Assigned task:
Only the lines from the one with "Criterion 3: Exemplar" through the end of the data below belong in the answer, restated word for word, pictures excluded.

Information provided:
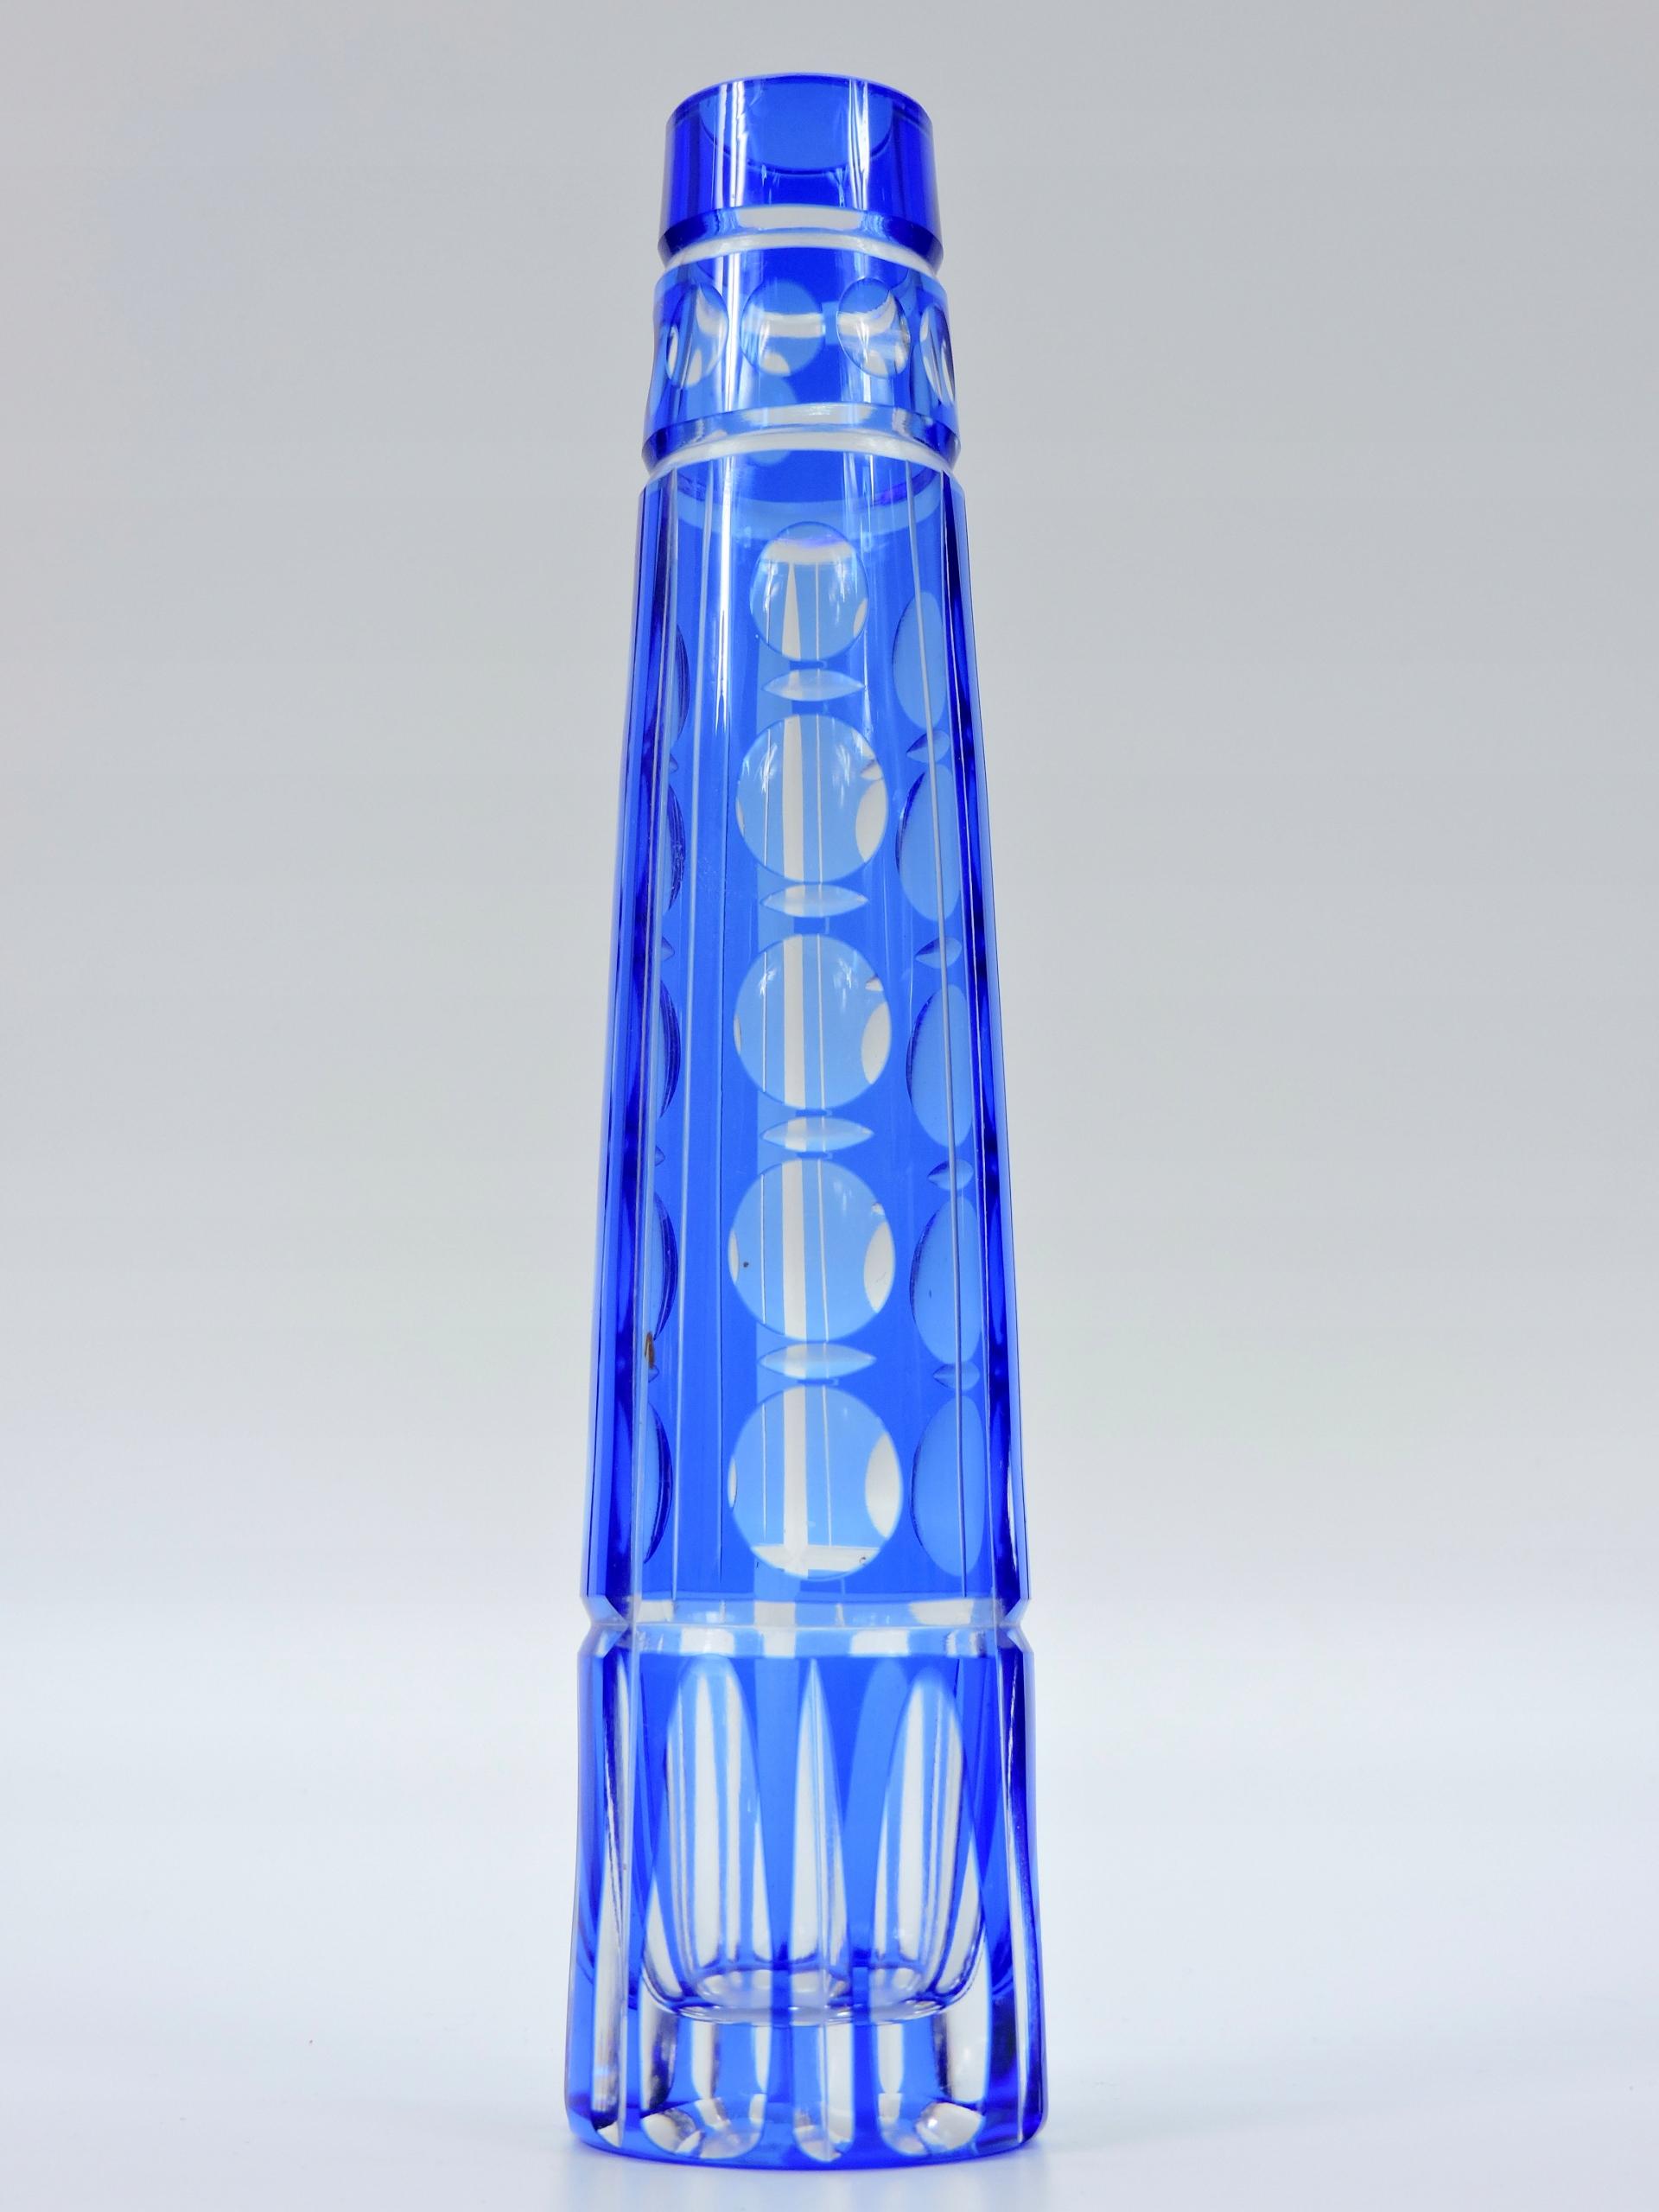 Ваза синий кристаллический объектив М. Фойгт 1960
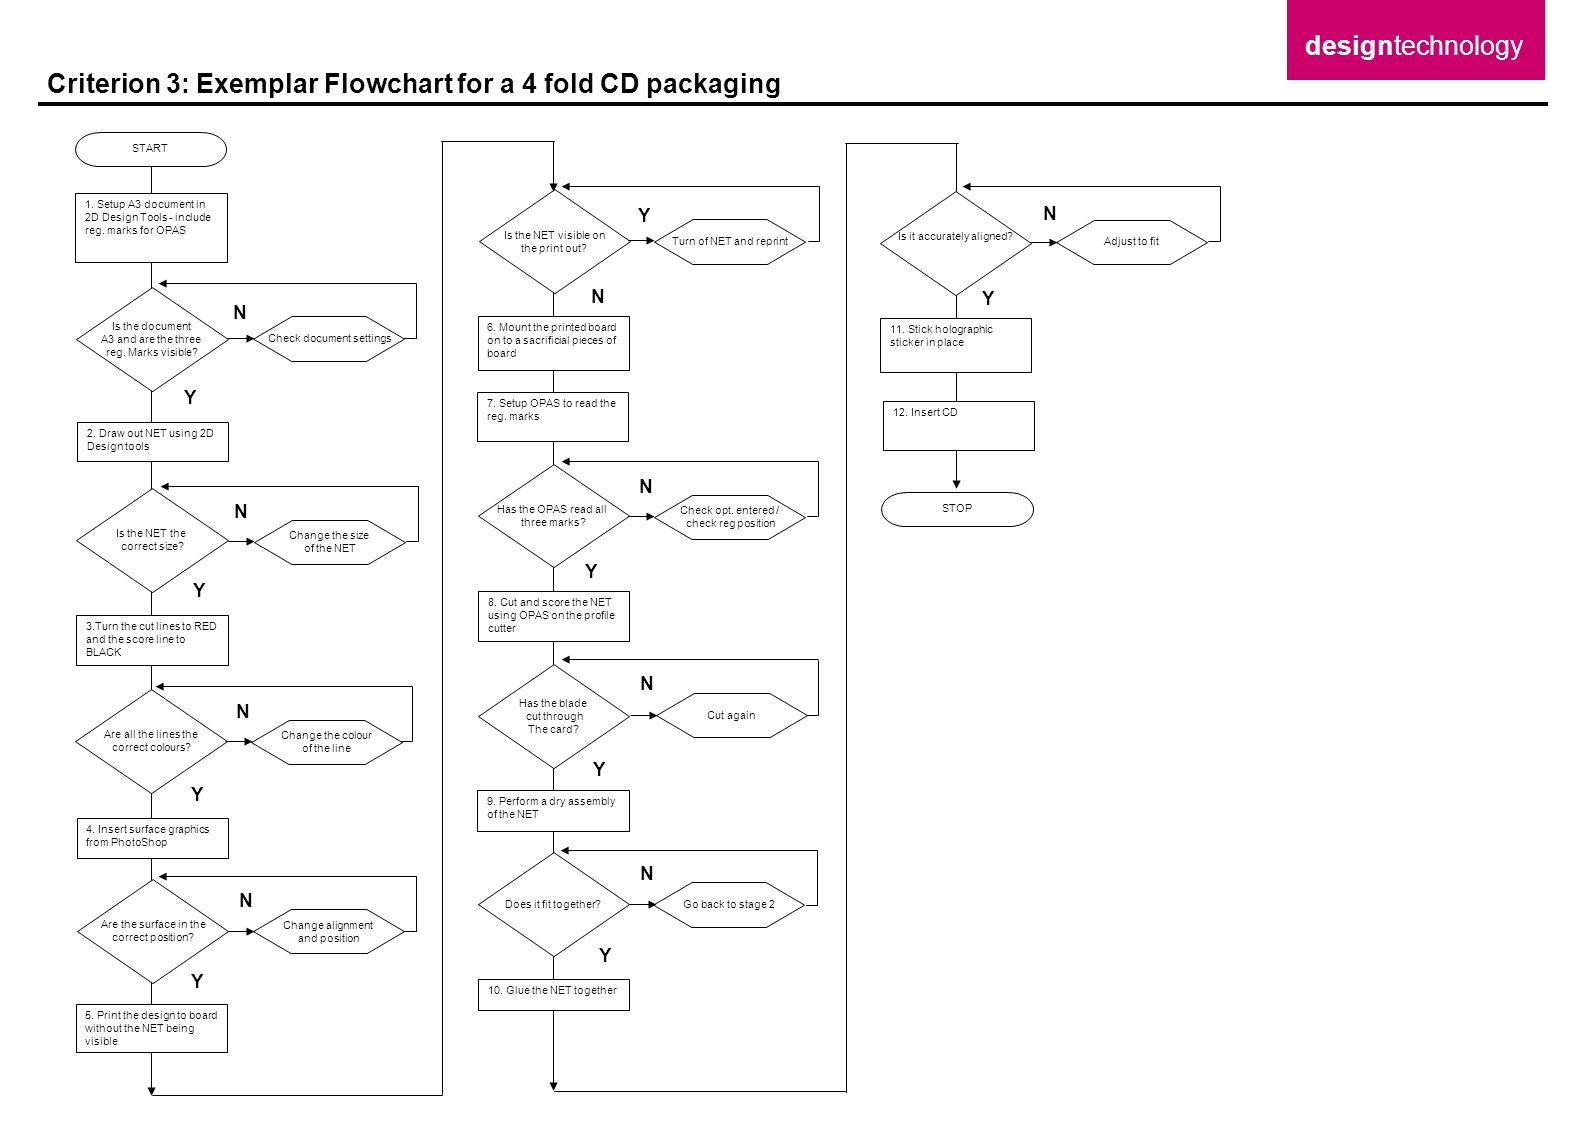 Criterion 3: Exemplar Flowchart for a 4 fold CD packaging
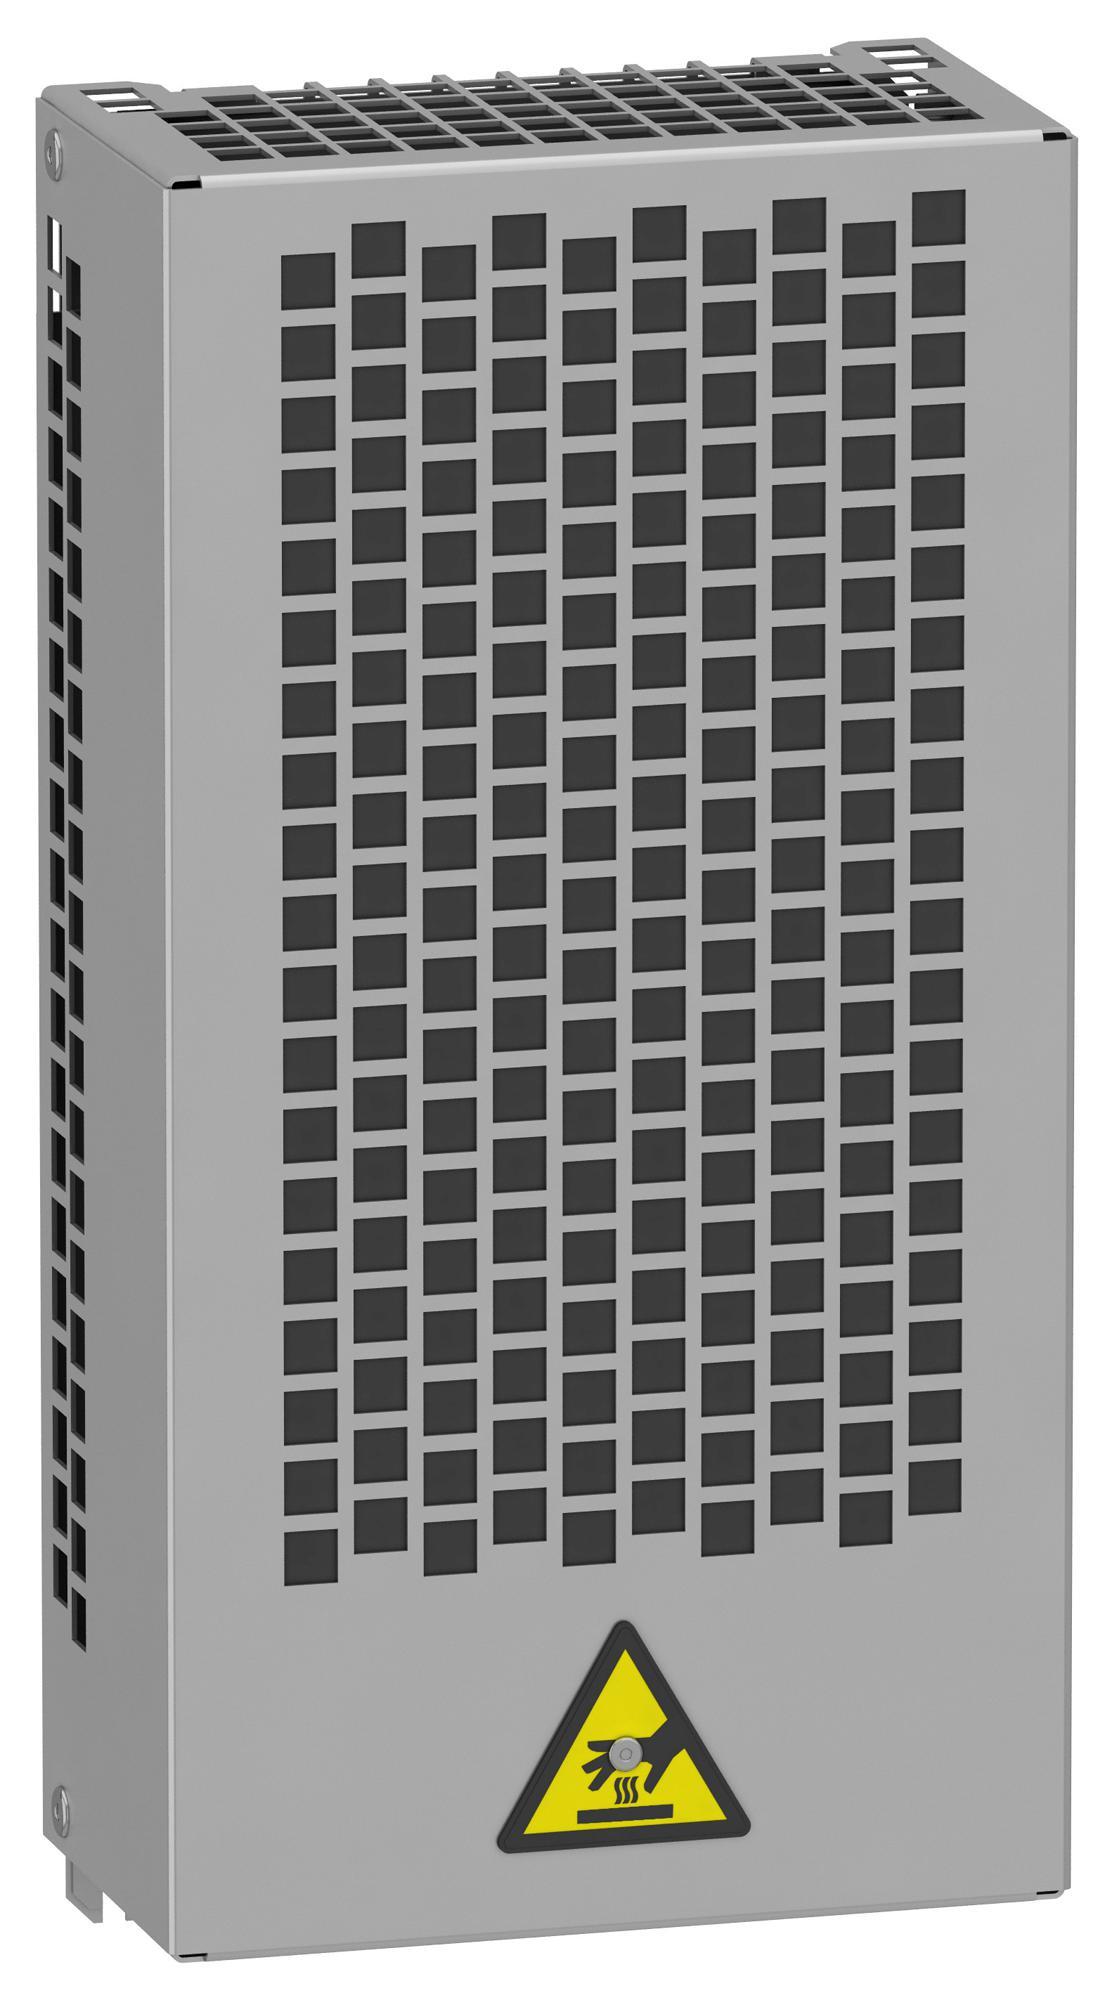 Schneider VW3A7730 Braking Resistor - 100 ohms - 0.1 kW - IP20

The answer:
 Criterion 3: Exemplar Flowchart for a 4 fold CD packaging
 Schneider VW3A7730 Braking Resistor - 100 ohms - 0.1 kW - IP20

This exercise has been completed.